9th General Director of the Abkhazian State TV and Radio
- Incumbent
- Assumed office 4 November 2016
- Preceded by: Leonid Enik

Minister for General, Secondary and Higher Education
- In office 13 November 2003 – 1 February 2005
- Prime Minister: Raul Khajimba Nodar Khashba
- Preceded by: Aleko Gvaramia
- Succeeded by: Indira Vardania

Personal details
- Born: November 29, 1956 (age 69) Chlou
- Spouse: Aslan Kobakhia

= Tali Japua =

General Director of the Abkhazian State TV and Radio

Tali Japua is the current General Director of the Abkhazian State TV and Radio.

==Early life and career==
Japua was born on 29 November 1956 in the village of Chlou, Ochamchira District. In 1977, she graduated from the philology faculty of the Sukhumi State Pedagogical Institute. From 1987 until 1990, she taught at the department for Abkhazian literature of the Abkhazian State University. From 1990 onwards, Japua worked as research fellow and senior researcher at the Abkhazian Institute of History, Language and Literature.

==Member of Parliament==
In the November 1996 elections, Japua successfully ran for a seat of the 2nd convocation of the People's Assembly of Abkhazia. She served one term, until 2002.
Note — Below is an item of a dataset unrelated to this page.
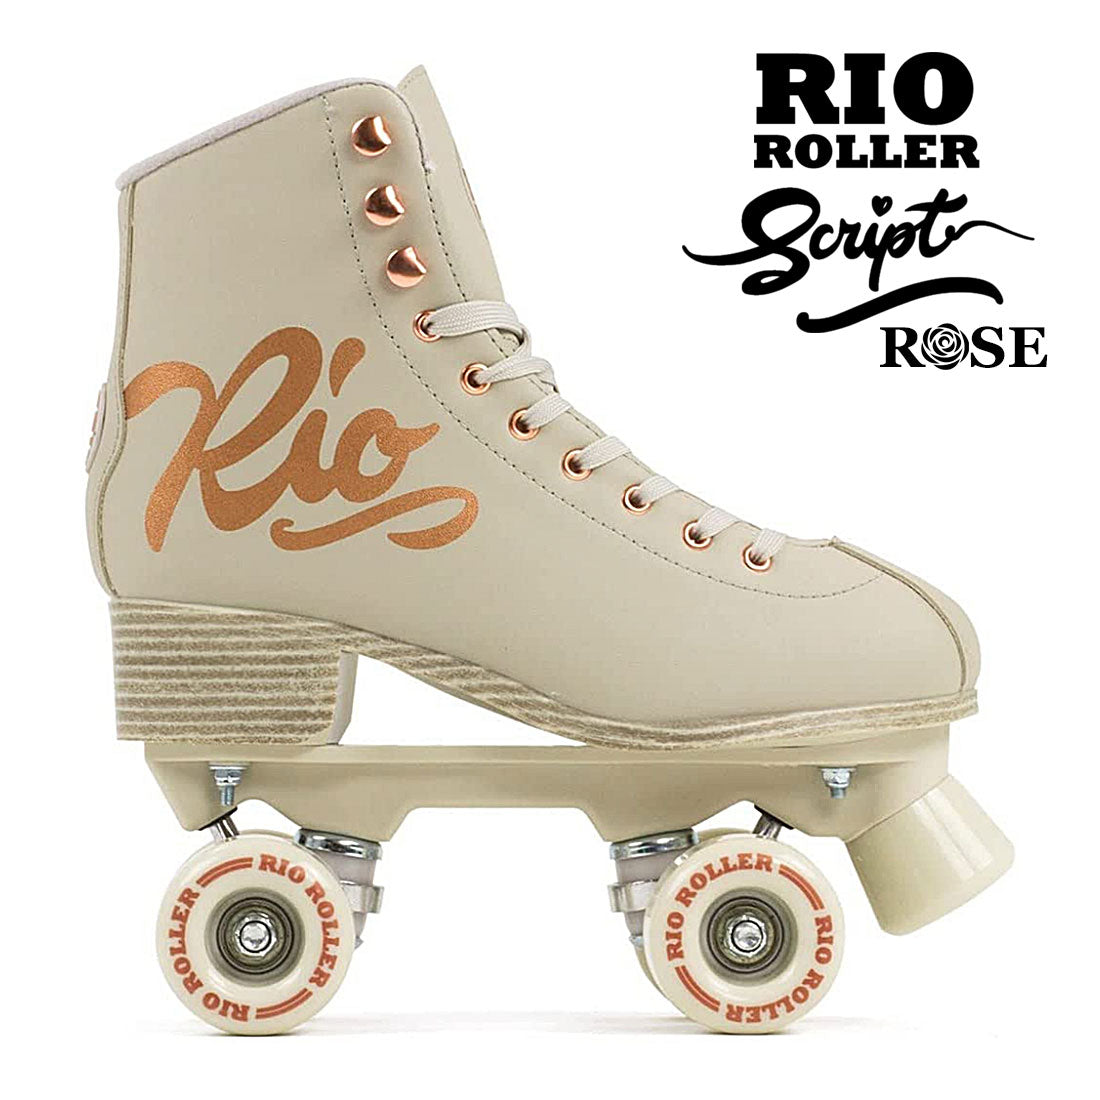 Rio Roller Script Rose - Cream Roller Skates

==Minister for Education==
In 2001, Japua became head of the National Foundation for the Development of the Abkhaz Language. On 13 November 2003, she was appointed Minister for General, Secondary and Higher Education in the cabinet of Prime Minister Raul Khajimba, after Abkhazian State University Rector Aleko Gvaramia had resigned from the post.

Japua was re-appointed Education Minister in the cabinet of Prime Minister Nodar Khashba, but she resigned on 1 February 2005, less than two weeks before the inauguration of newly-elected President Sergei Bagapsh.

==State TV and Radio General Director==
On 4 November 2016, Japua was appointed the new General Director of the Abkhazian State TV and Radio, succeeding Leonid Enik, who wanted to resign after less than a year due to ill health. Her appointment was criticised with the question whether she could be sufficiently independent as long as Japua's husband Aslan Kobakhia held the post of Vice Premier and Interior Minister.